You have many options for defining a database and storing your application's data. Among the most popular are indexed, hierarchical, and relational data storage technologies. These types of data storage differ not only in the way they physically manage the storage and retrieval of data, but also in the conceptual models they present to the user and programmer.
Indexed databases (such as VSAM) provide extremely fast data retrieval, suitable for sequential lists, random retrieval, and complex file relationships. You can easily read a VSAM file from beginning to end, or simply retrieve specific records using the index key. Indexed databases typically provide just data storage and retrieval. Your application's code must handle referential integrity and data validation processes.
A hierarchical database is especially useful for implementing "inverted tree" structures such as a bill of materials or organizational rankings. Hierarchical data access is very fast because the data structures are directly linked. One interesting feature of a hierarchical database is that referential integrity is built-in. Any deletion of a parent record will automatically delete all linked child records as well. However, a hierarchical database does not model complex relationships very well, and implementation requires an experienced systems programmer.

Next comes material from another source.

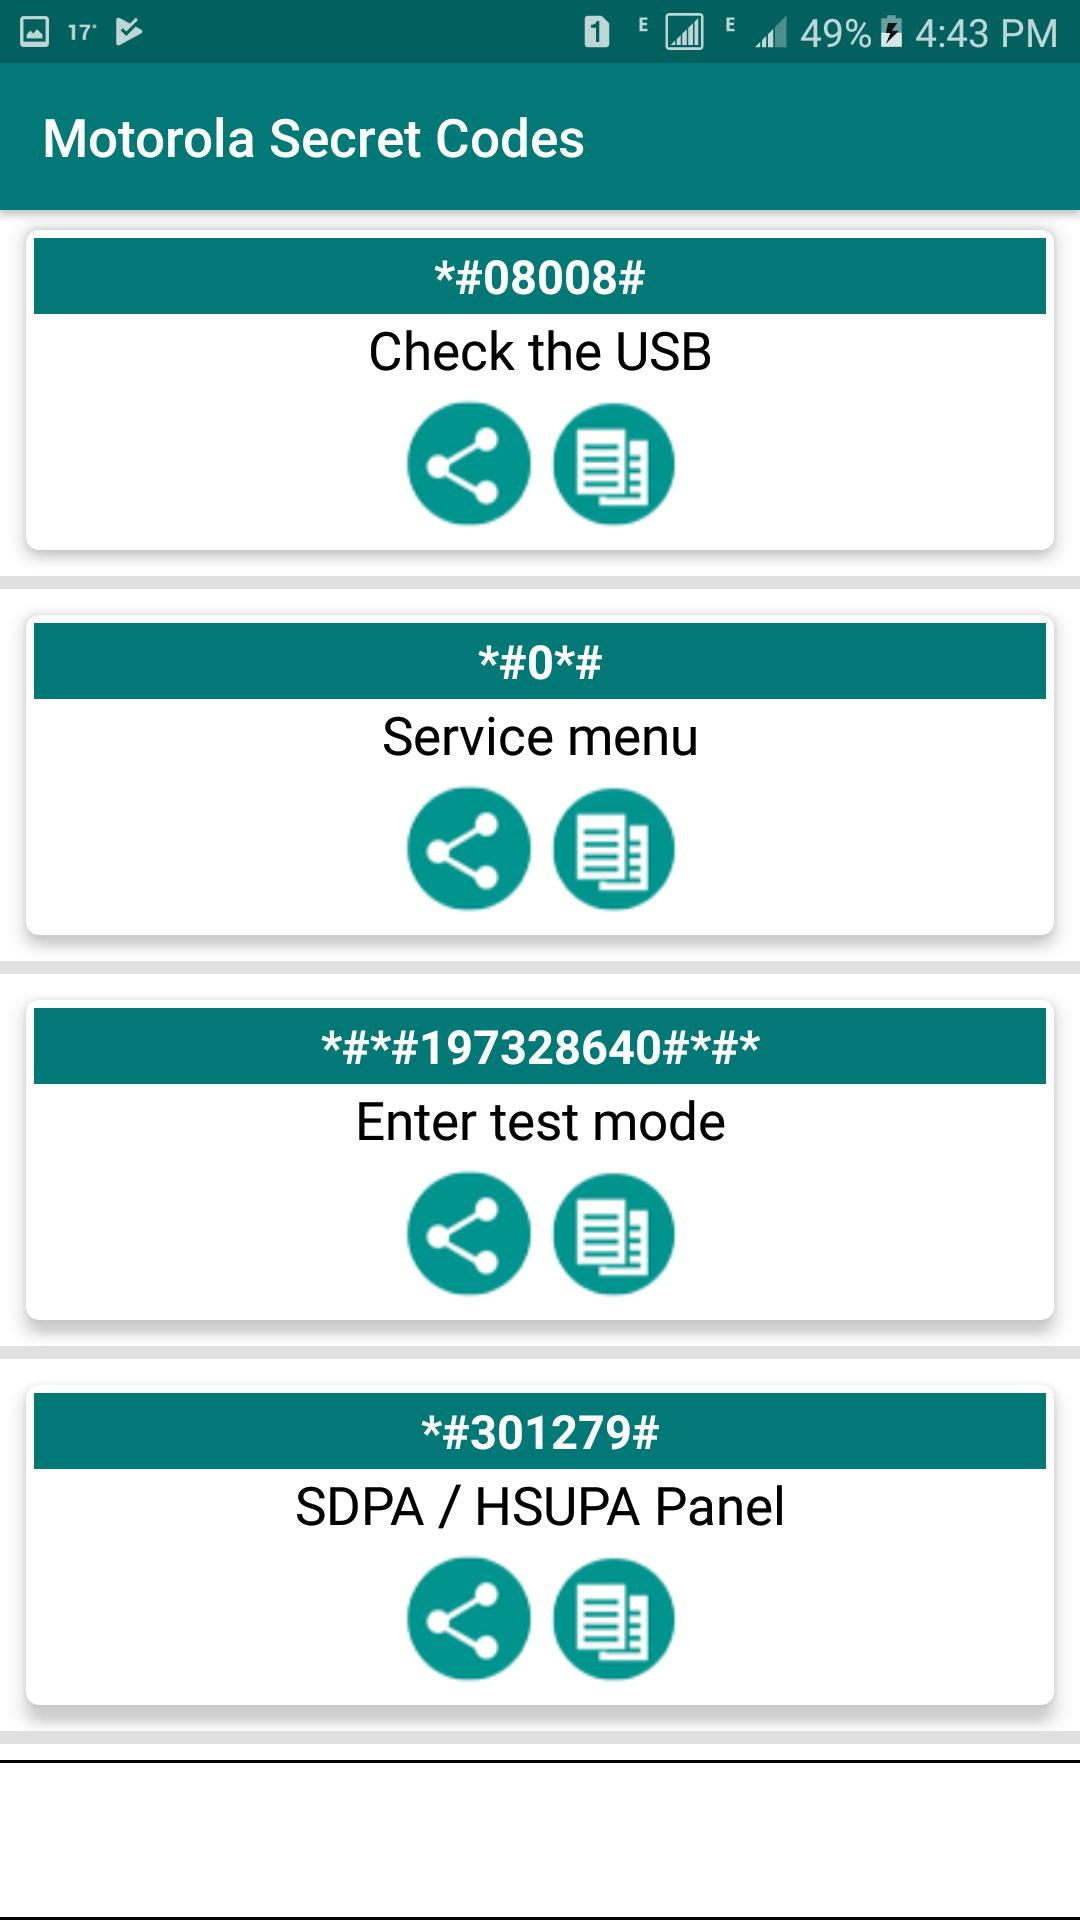 Secret Codes of Motorola 2019: for Android - APK Download

In recent years, the relational database has generally become the de facto standard for database storage. This is due both to the usability of the relational model itself, and because it provides a standard interface called Structured Query Language (SQL) that allows many different database tools and products to work together in a consistent and understandable way. Additionally, a relational database typically provides mechanisms for handling referential integrity, data validation, and a host of administrative processes to set up and maintain your application's data.
If you are designing an enterprise application, you might be using existing mainframe databases, including relational, VSAM, and AS/400 files. With Microsoft® SNA Server you can seamlessly use mainframe databases and distributed databases located on the network. This integration of mainframe and distributed data with Windows-based applications means that you have many excellent choices for a data storage technology.
For More Information For more information on using SNA Server to access mainframe data, see Implementing Mainframe Data Access in Chapter 6 of this book.
There are no strict guidelines for choosing a data storage technology. It's worth noting that with all of the data storage technologies discussed in this section (and many others not mentioned), you can use OLE DB with ActiveX® Data Objects (ADO) as a common data access technology.
For More Information For more information on using OLE DB and ADO to provide data access for any data storage mechanism, see Choosing the Right Data Access Technology in Chapter 5 of this book.
After you choose a data storage technology, you create your application's final data structures by translating your data definitions into the Data Definition Language (DDL) of the database engine. The actual implementation language varies depending on which database engine you choose.